We call this our ‘Wild North Garden’ but it would not pass the test of a wild garden in more purist circles

Whatever the case, I found this article interesting. We will gloss over the fact it is in The Telegraph, a UK publication of somewhat questionable political affiliations; it does seem to have some good gardening pieces. I will park Alan Titchmarsh to one side because I think he is a spokesperson for a past generation of gardeners. It was Monty Don’s comments that interested me because some of us are familiar with his garden through BBC’s Gardeners’ World and I would have described much of his garden as being ‘naturalistic’ in style, verging on ‘wild gardening’ at times.
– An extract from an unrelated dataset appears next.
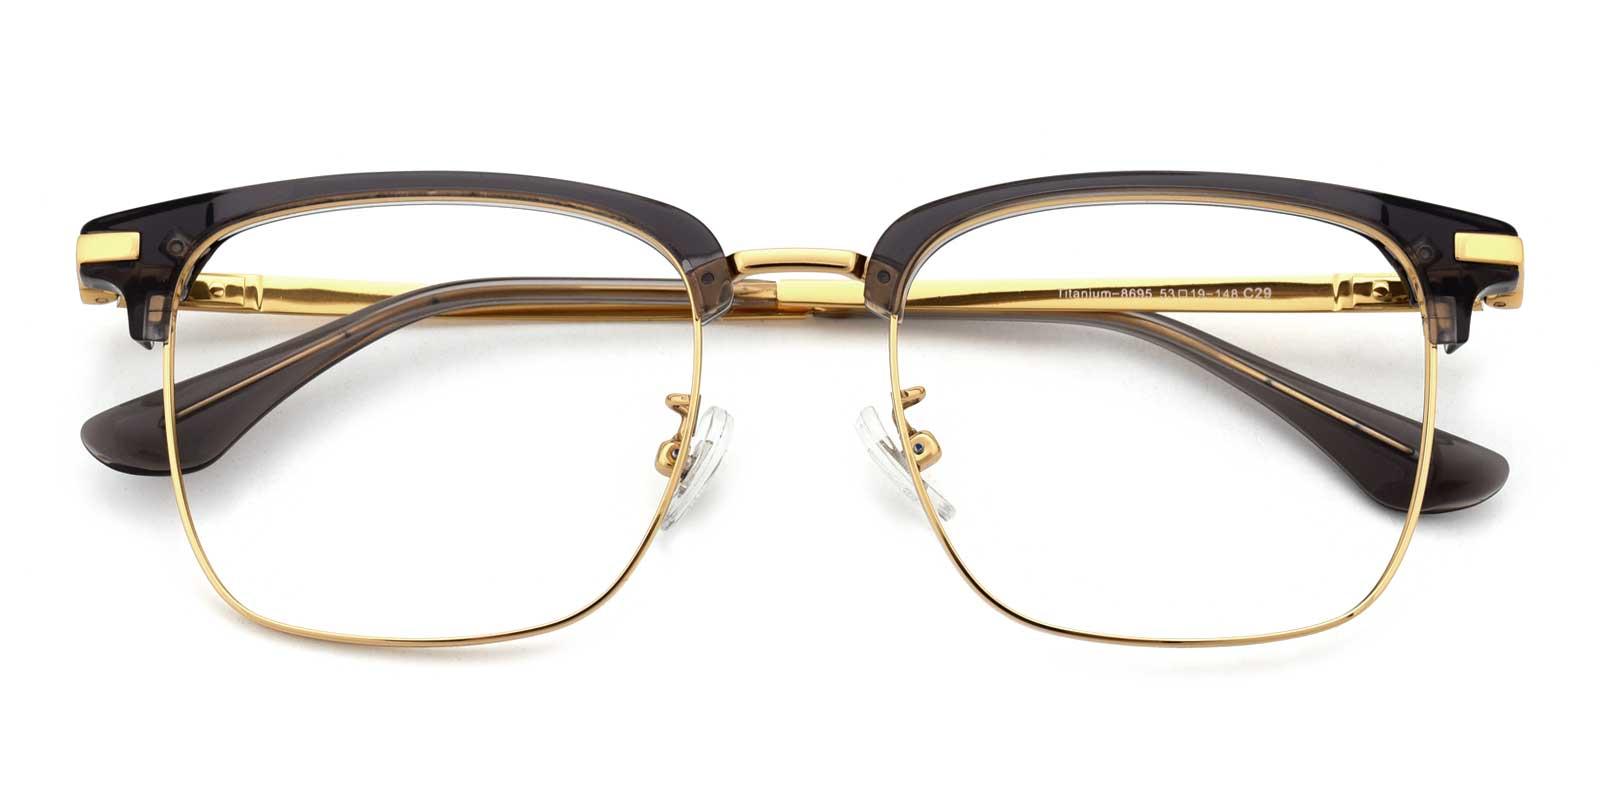 Hilbert-Gray-Browline-Titanium-Eyeglasses-detail
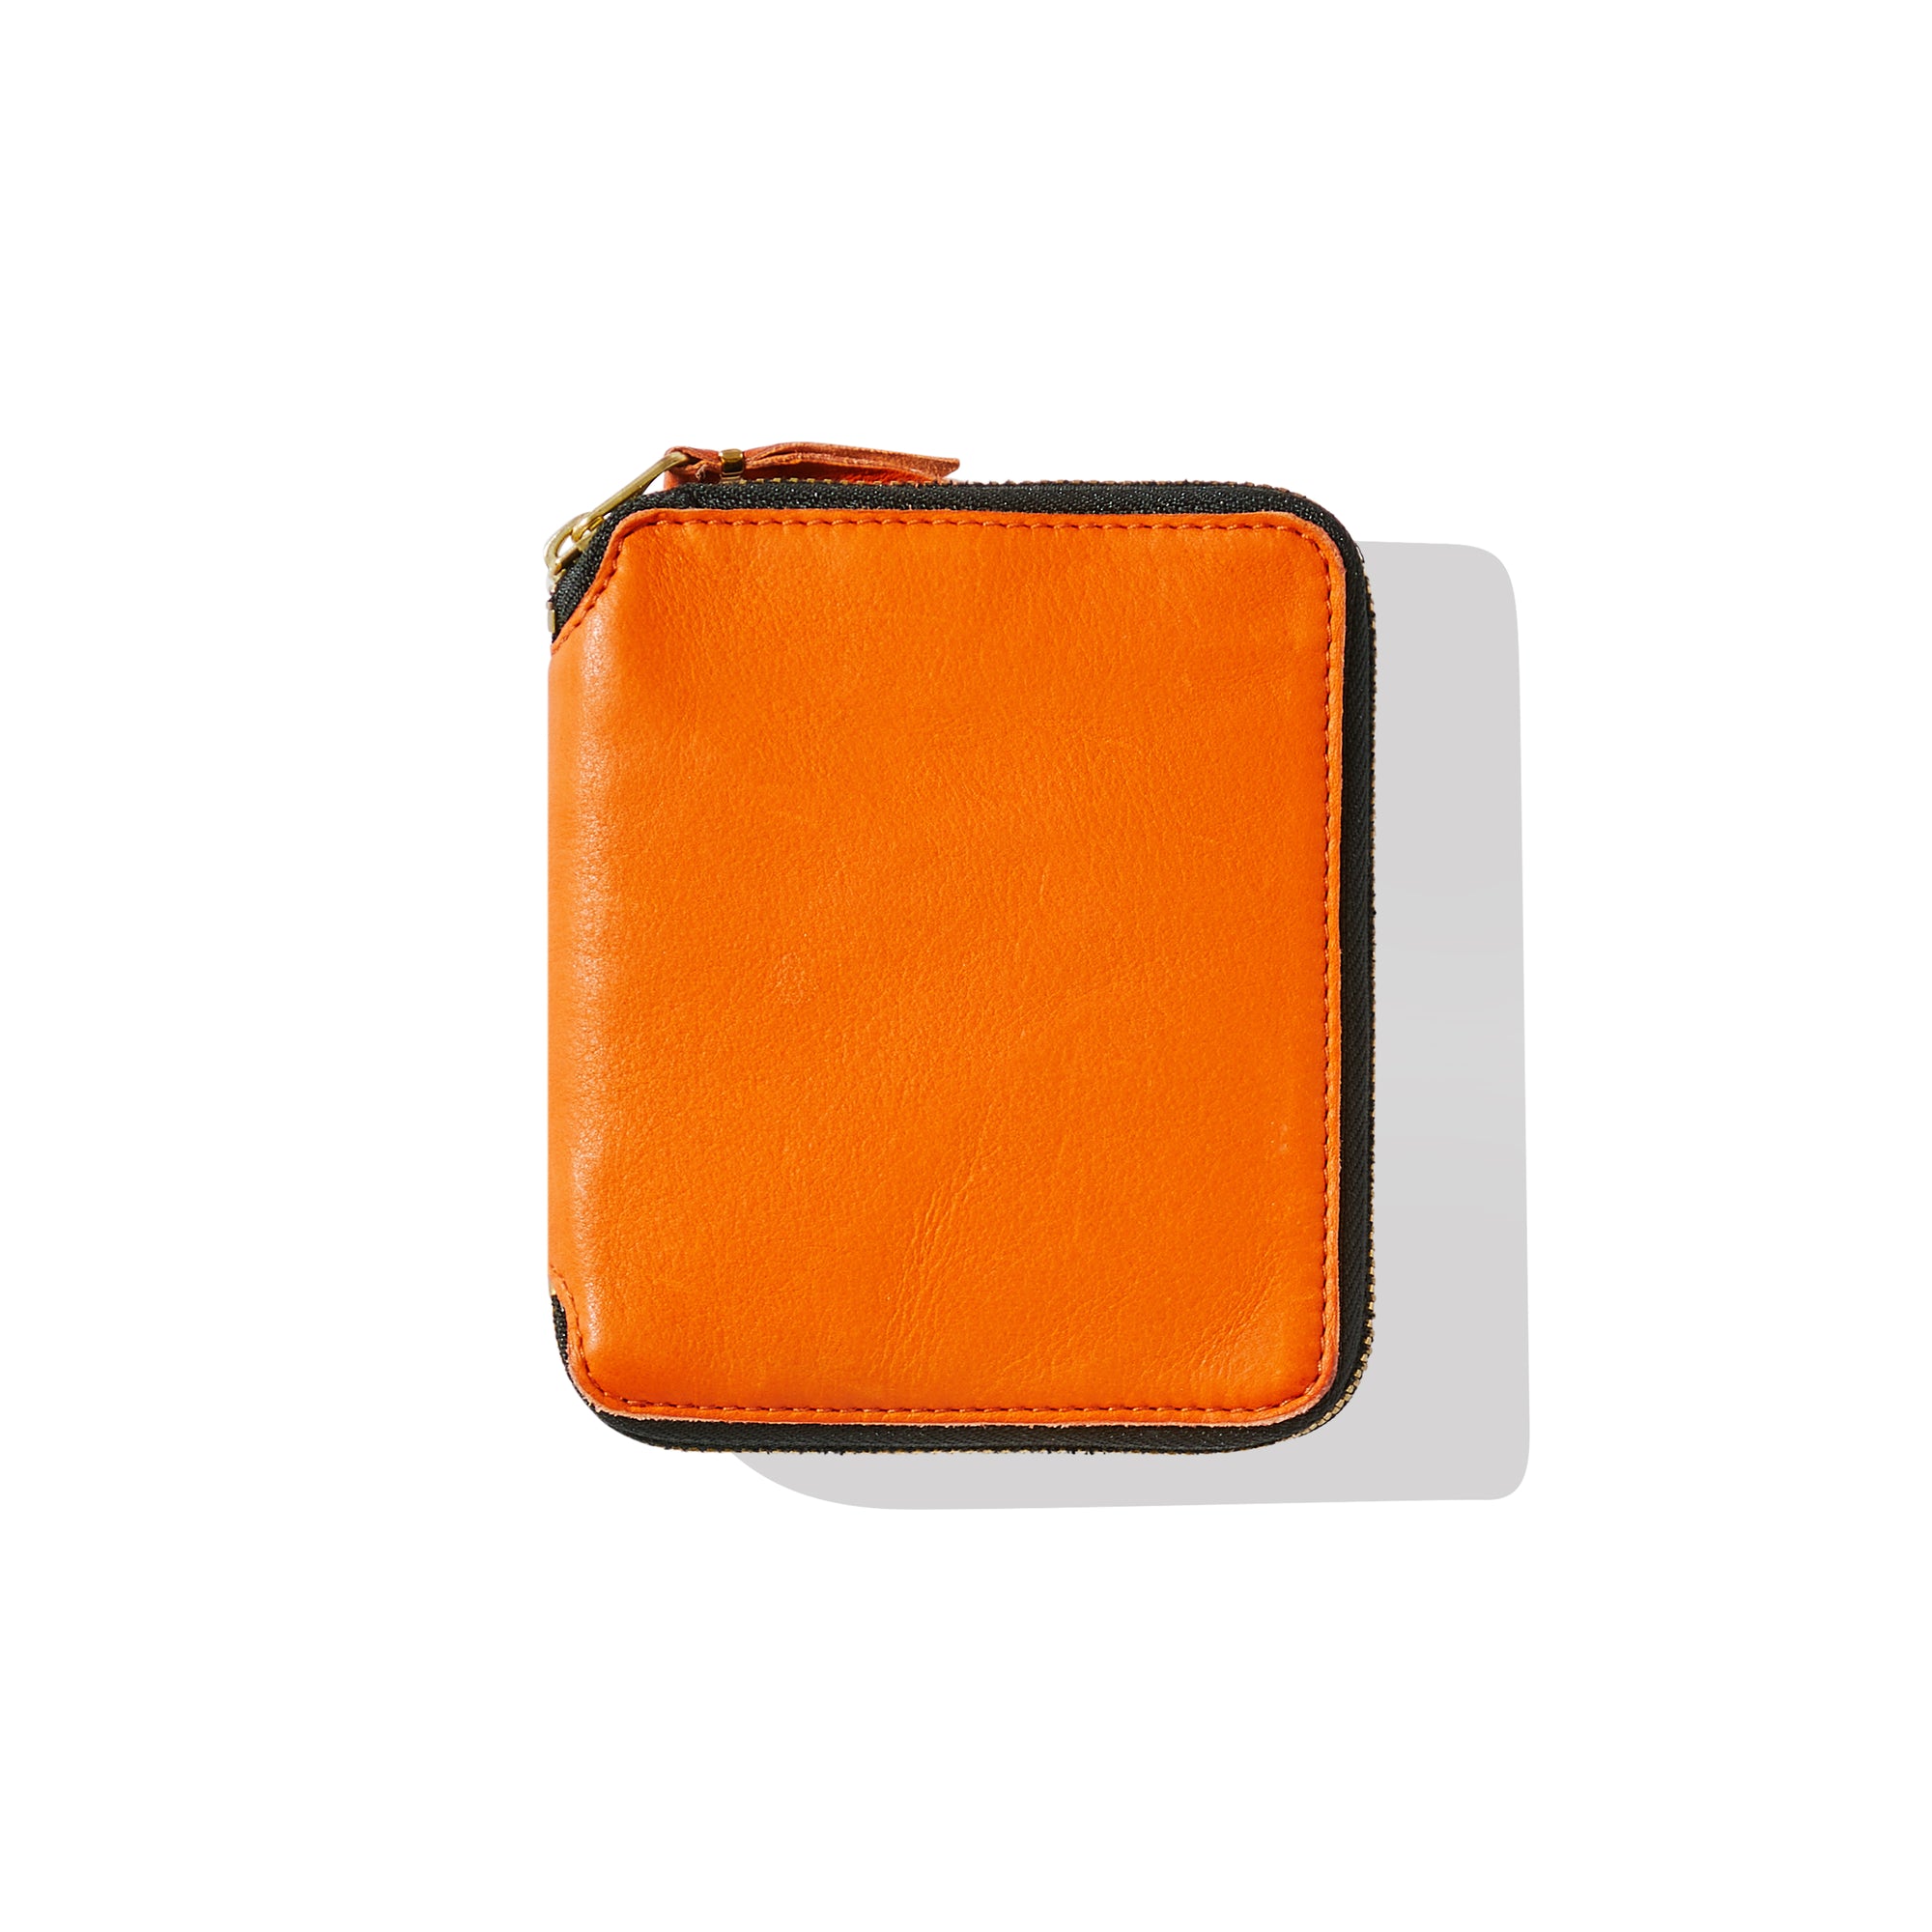 CDG Wallet - Washed Full Zip Around Wallet - (Burnt Orange) view 1

It seems that ‘wild gardening’ in the UK is a great deal wilder than I had thought.

“It is as though a so-called ‘wild’ garden that mimics natural conditions is somehow worthier and more moral than one in which mankind’s creative skills are more obviously played out.

“This is puritanical nonsense.  If you want a truly wild garden then simply walk away. Leave any patch of ground completely untouched by human hand and it will happily become whatever it wants to be.

“The result might be beautiful and richly satisfying as well as very good for wildlife of all kinds, but it will not be a garden.”.

Monty Don in The Telegraph
This was the first deliberately wild or naturalistic garden I had seen, in Marlborough back in 2008. While looking very natural, the whole area had been recontoured and replanted, using native plants of the area. I loved it and how it sat in its wild landscape, even though it was not pretty and contained no elements traditionally associated with gardens. At the time, I wondered if it was a garden or a landscape; now I am happy to describe it as a garden.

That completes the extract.